I used hough's transforms on Images before as follows: I iterate over every pixel and for every edge pixel, I calculate theta using gradient, solve for r in r = x cos theta + y sin theta vote for r , theta in a accumulator. The (r, theta) that gets maximum votes are my hough parameters.

So, when I have two unknowns (x, y ) how can solve for the equation.

Thanks for the quick reply. Yes, what you said seems valid. However, I have a question, How do I apply hough's transform to laser data? for the equation r = x cos theta + y sin theta, I can get r value (range in laser message), theta (theta increments from the laser message). I am still left with two unknowns x and y.

I used hough's transforms on Images before as follows: I iterate over every pixel and for every edge pixel, I calculate theta using gradient, solve for r in r = x cos theta + y sin theta vote for r , theta in a accumulator. The (r, theta) that gets maximum votes are my hough parameters.

So, when I have two unknowns (x, y ) how can solve for the equation.

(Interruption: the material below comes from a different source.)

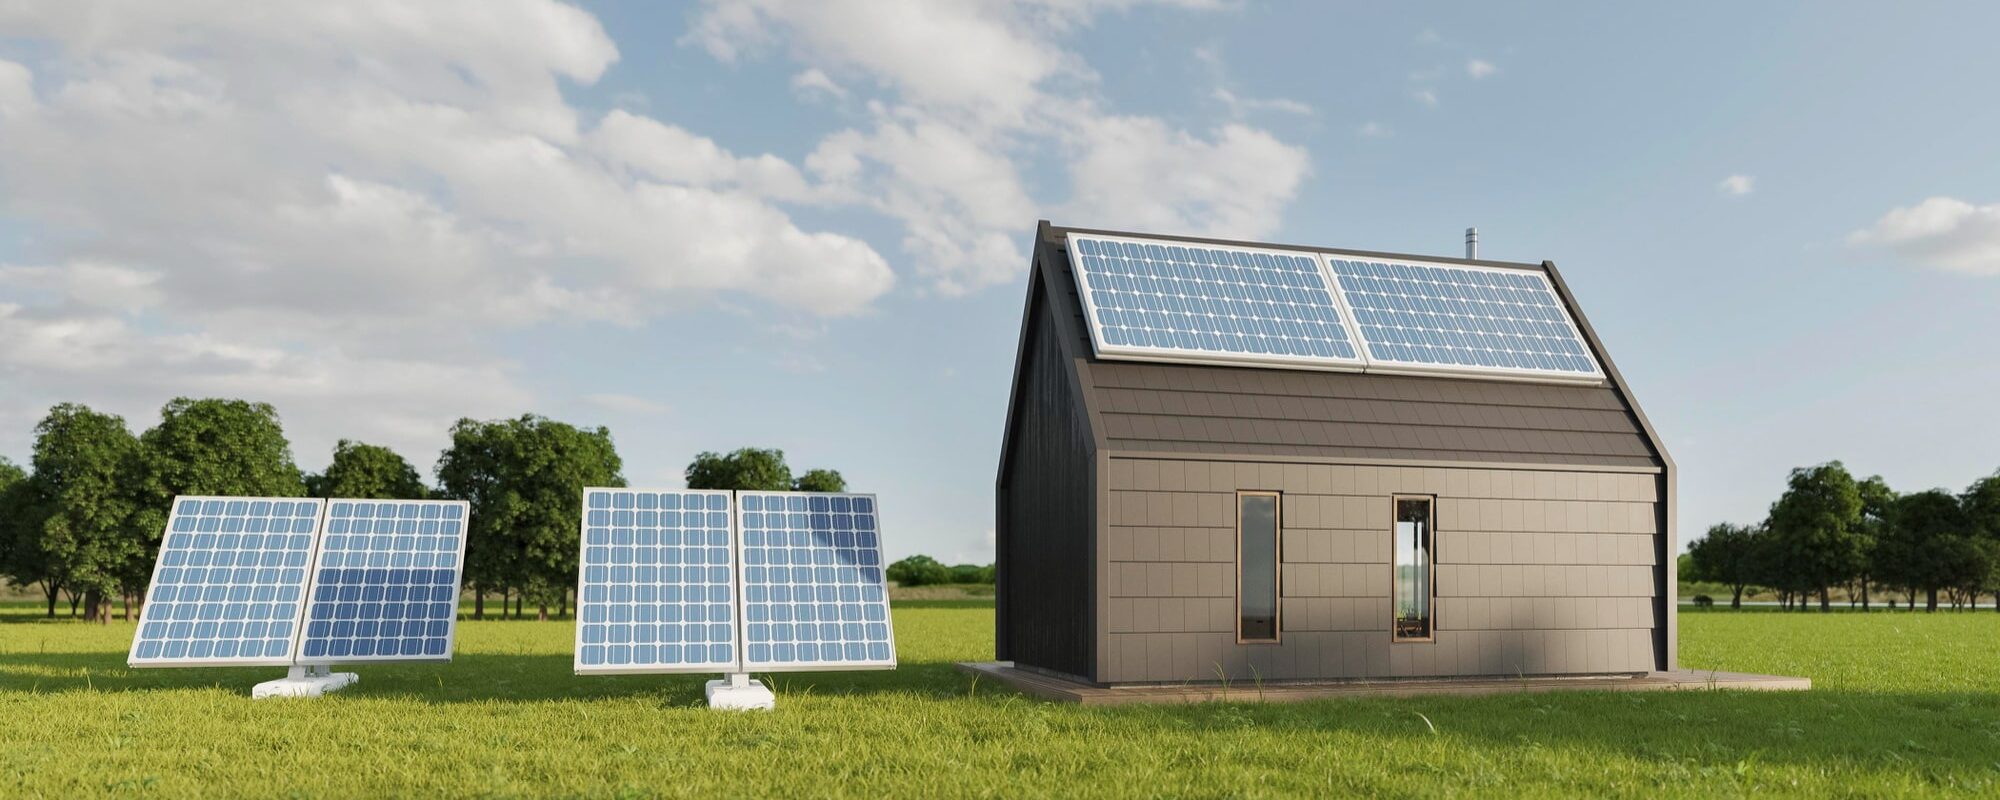 a picture showing a home with solar panel installed
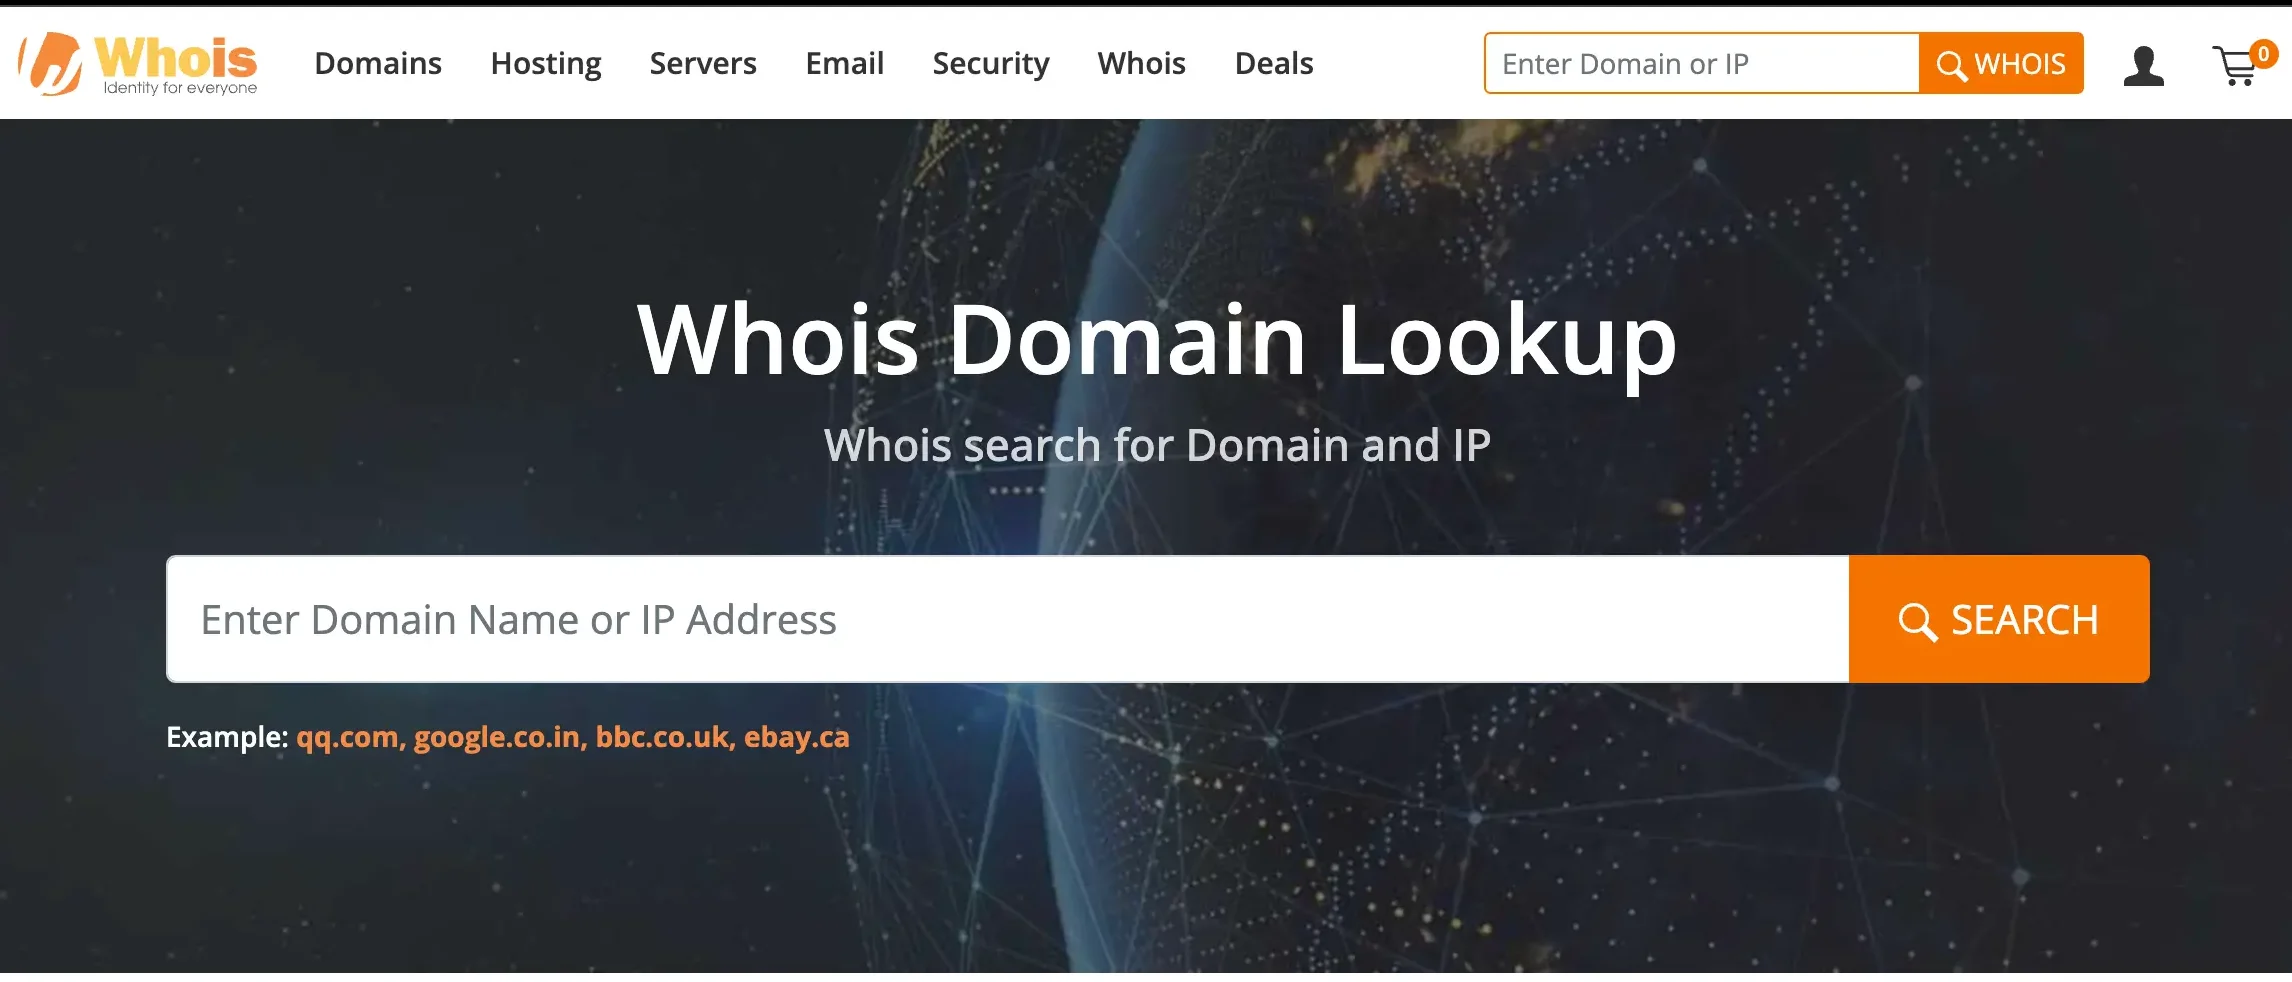 screenshot-of-whois-homepage-where-you-can-check-if-your-domain-is-valid

Edit: I found the answer. The laser messages are already in polar form. so, you have r and theta from it. Using r, theta find x = r * cos theta and y = r * sin theta. round of both x and y. Using opencv create an empty image (white image) - the image size depends on the accuracy/resolution you need, for every calculated x, y manipulate pixel at x,y to black pixel. By doing so, you will get a white image with black dots (walls/obstacles detected by the laser). Now, use the built in Hough transform from OpenCV and find the lines. In order to detect the hallway, select two strong lines whose slopes are equal.